The CDR system is a computer based cognitive testing tool, developed to assess both enhancement and impairment of human cognitive performance. The CDR system's simplicity, sensitivity and specificity makes it acceptable to be used in clinical trials with either healthy subjects or diseased patient populations. The CDR system software is loaded onto laptop computers for testing in medical clinics. An internet version of the CDR system is available using keyboard commands to measure responses. Ancillary equipment is used for specific cognitive tests such as a postural stability (sway) meter, a critical flicker fusion device or joysticks for CDR's tracking test.

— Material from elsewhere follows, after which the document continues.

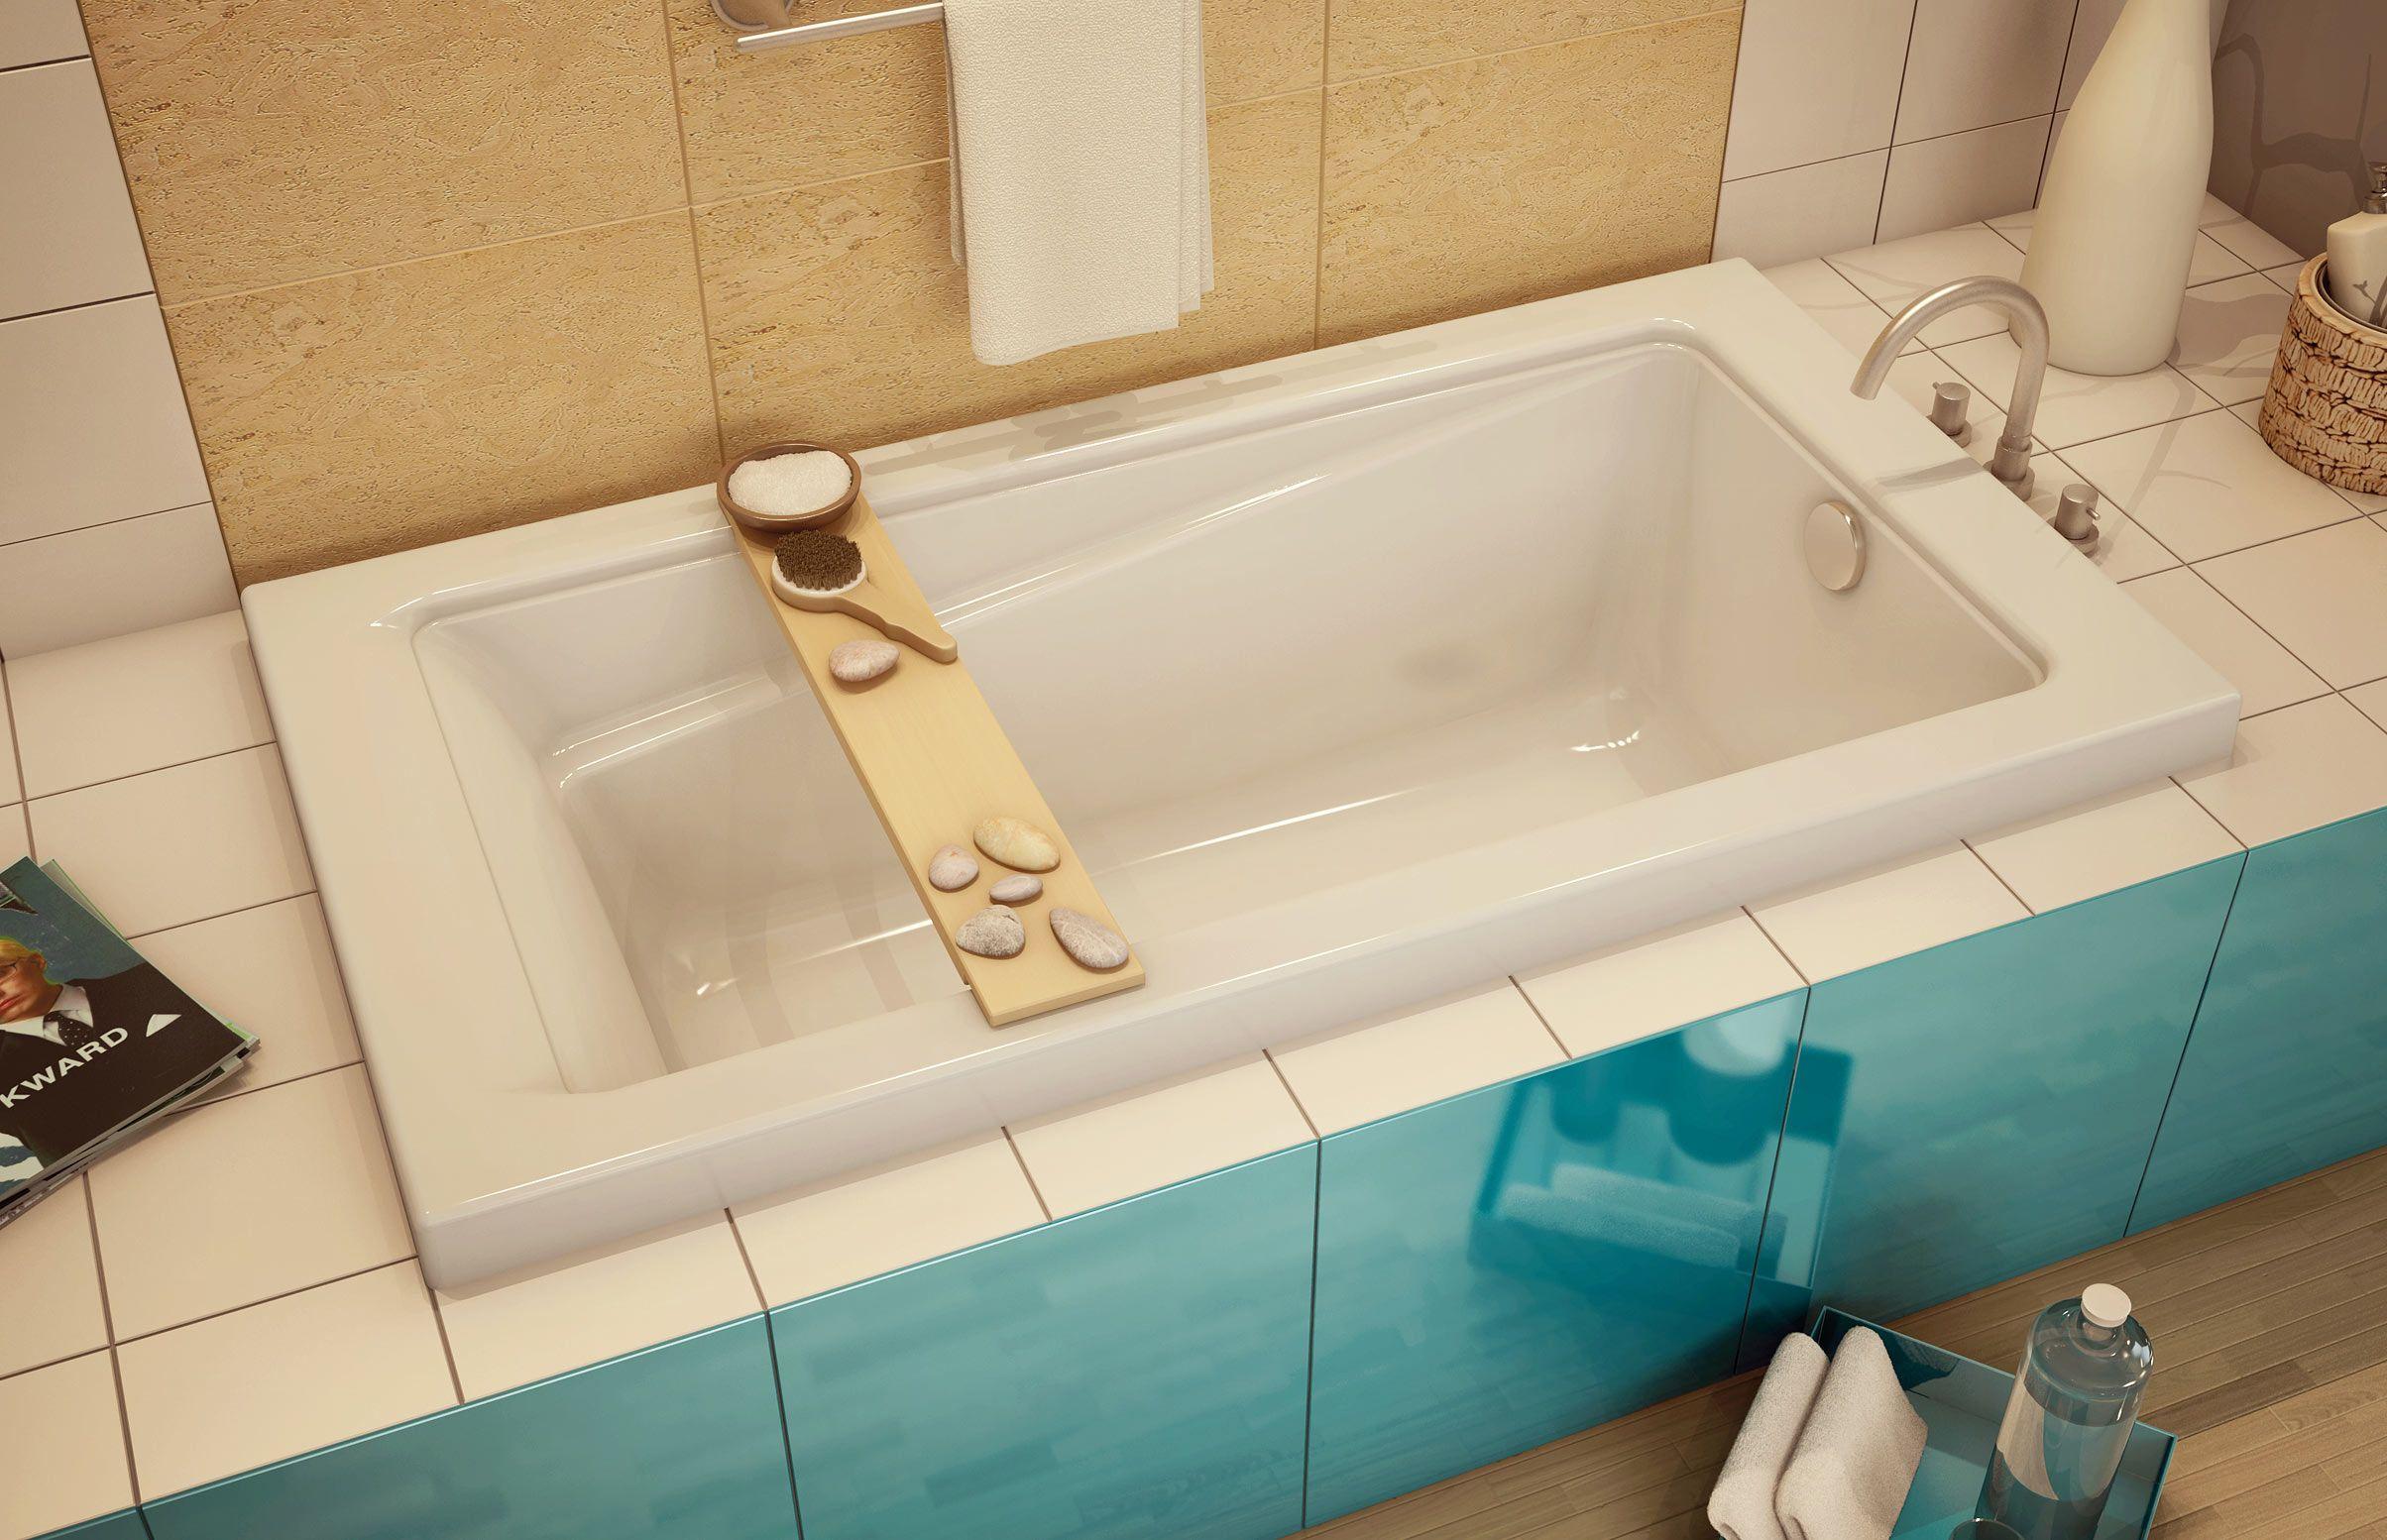 Loft 6032 Alcove Or Drop In Bathtub   Keystone By MAAX

The CDR system is a series of brief neuropsychological tests that assess major aspects of cognitive function known to be influenced by a wide variety of factors including trauma, fatigue, stress, nutrition, ageing, disease (both physical and mental), medicines and drugs. The standard battery of cognitive tests in The CDR system includes immediate/delayed word recall, word recognition, picture recognition, simple reaction time, digit vigilance, choice reaction time, numeric working memory, and spatial working memory. Individual tests can be added to or removed from the battery to target specific cognitive domains. Examples of tests that can be added include measurements of executive function, mood states, social cognition, motor function and postural stability. The standard battery of tests lasts 18 minutes.
The CDR system tasks have proven validity in definitively measuring cognitive function in a variety of domains including attention, working memory, episodic secondary memory, executive function, and motor skill.
In September, 2009, Cognitive Drug Research was acquired by United BioSource Corporation. UBC division Bracket continues to offer the CDR System for use in clinical research.